Table of Contents
Fetching ...

Generalization properties of contrastive world models

Kandan Ramakrishnan, R. James Cotton, Xaq Pitkow, Andreas S. Tolias

TL;DR

The paper addresses whether contrastive, object-centric world models can generalize to out-of-distribution data. It introduces an exhaustive evaluation of a contrastive structured world model (CSWM) across IID conditions and diverse OOD scenarios using 2D shapes, 3D blocks, and 3-body physics datasets. The key finding is that CSWM fails to maintain object-level factorization under OOD, with performance declines that scale with the extent of OOD and prediction horizon, and with visualizations showing mixed object representations and incorrect transition updates.

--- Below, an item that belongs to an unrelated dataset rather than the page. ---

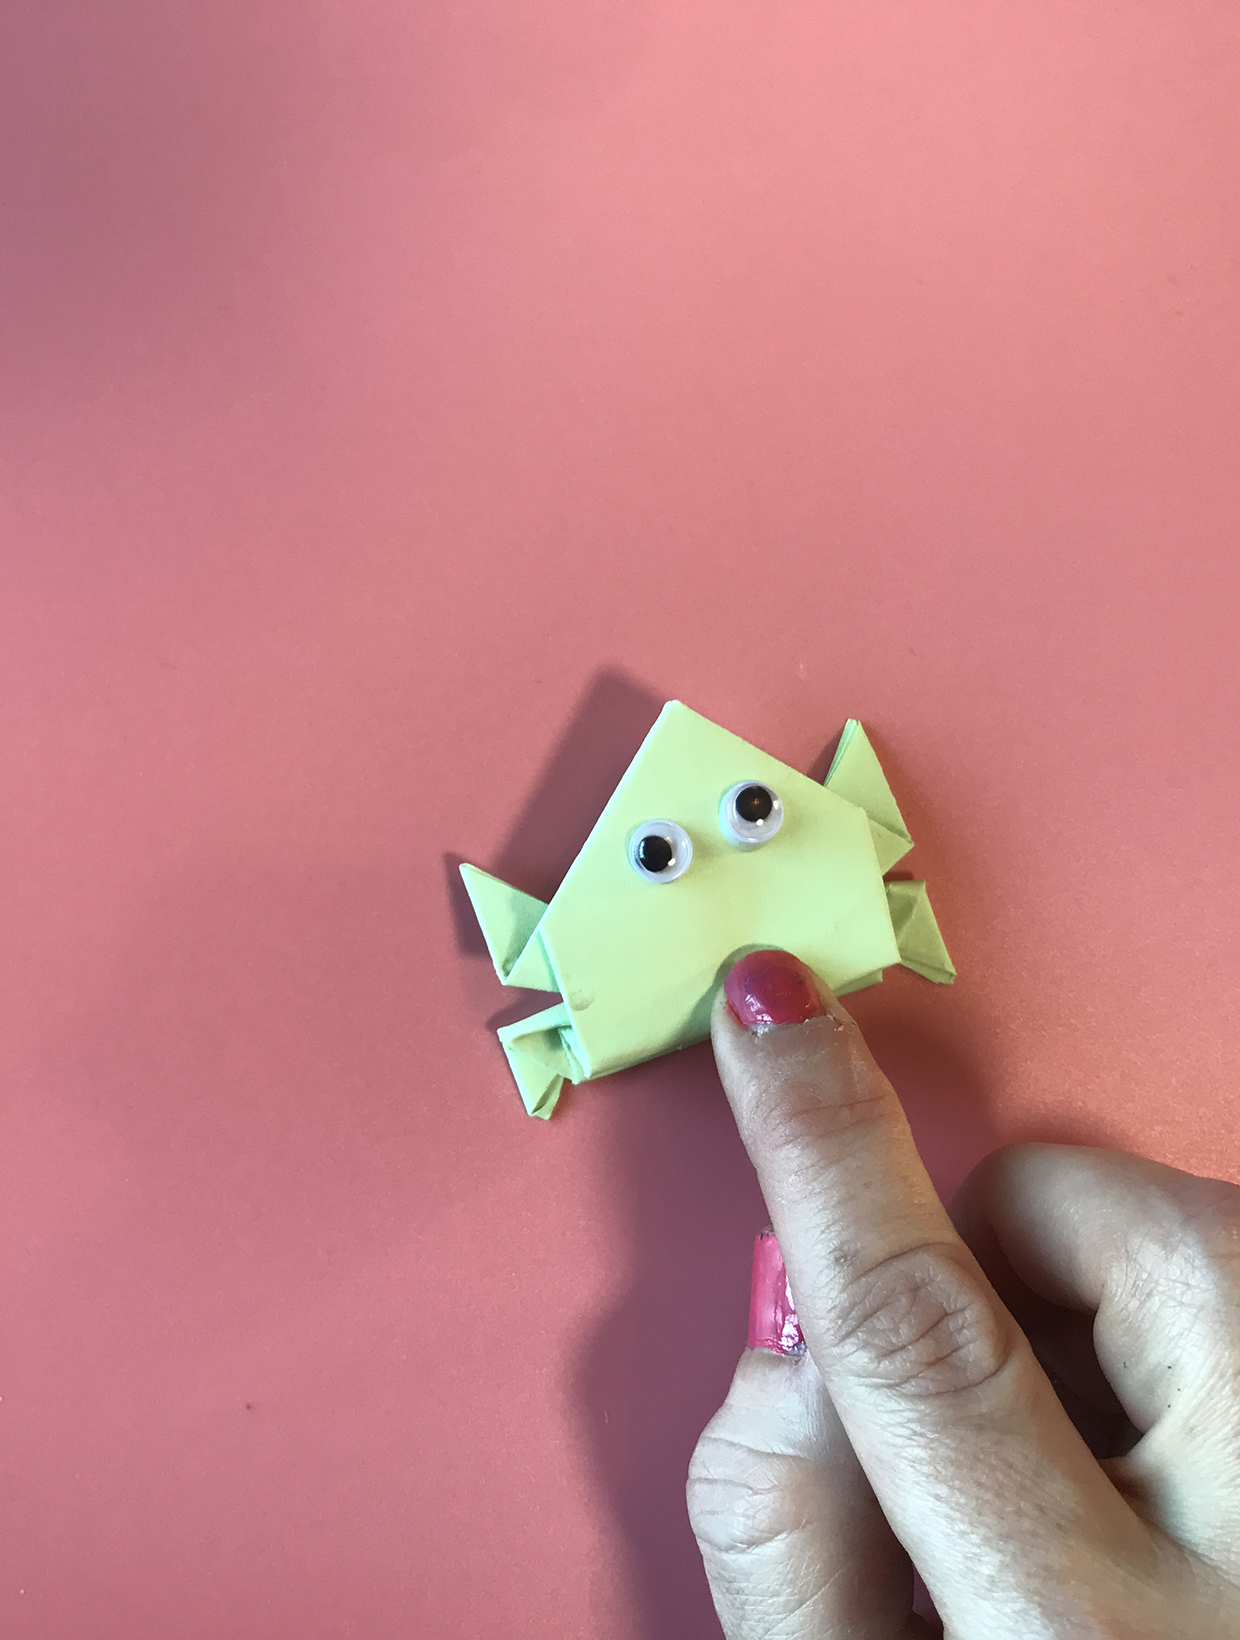 How to Make an Origami Jumping Frog: 13 Steps (with Images)

This work highlights a fundamental limitation of current contrastive, slot-based world models and motivates the development of new architectures or learning paradigms that preserve factorization to achieve human-like generalization.

Abstract

Recent work on object-centric world models aim to factorize representations in terms of objects in a completely unsupervised or self-supervised manner. Such world models are hypothesized to be a key component to address the generalization problem. While self-supervision has shown improved performance however, OOD generalization has not been systematically and explicitly tested. In this paper, we conduct an extensive study on the generalization properties of contrastive world model. We systematically test the model under a number of different OOD generalization scenarios such as extrapolation to new object attributes, introducing new conjunctions or new attributes. Our experiments show that the contrastive world model fails to generalize under the different OOD tests and the drop in performance depends on the extent to which the samples are OOD. When visualizing the transition updates and convolutional feature maps, we observe that any changes in object attributes (such as previously unseen colors, shapes, or conjunctions of color and shape) breaks down the factorization of object representations. Overall, our work highlights the importance of object-centric representations for generalization and current models are limited in their capacity to learn such representations required for human-level generalization.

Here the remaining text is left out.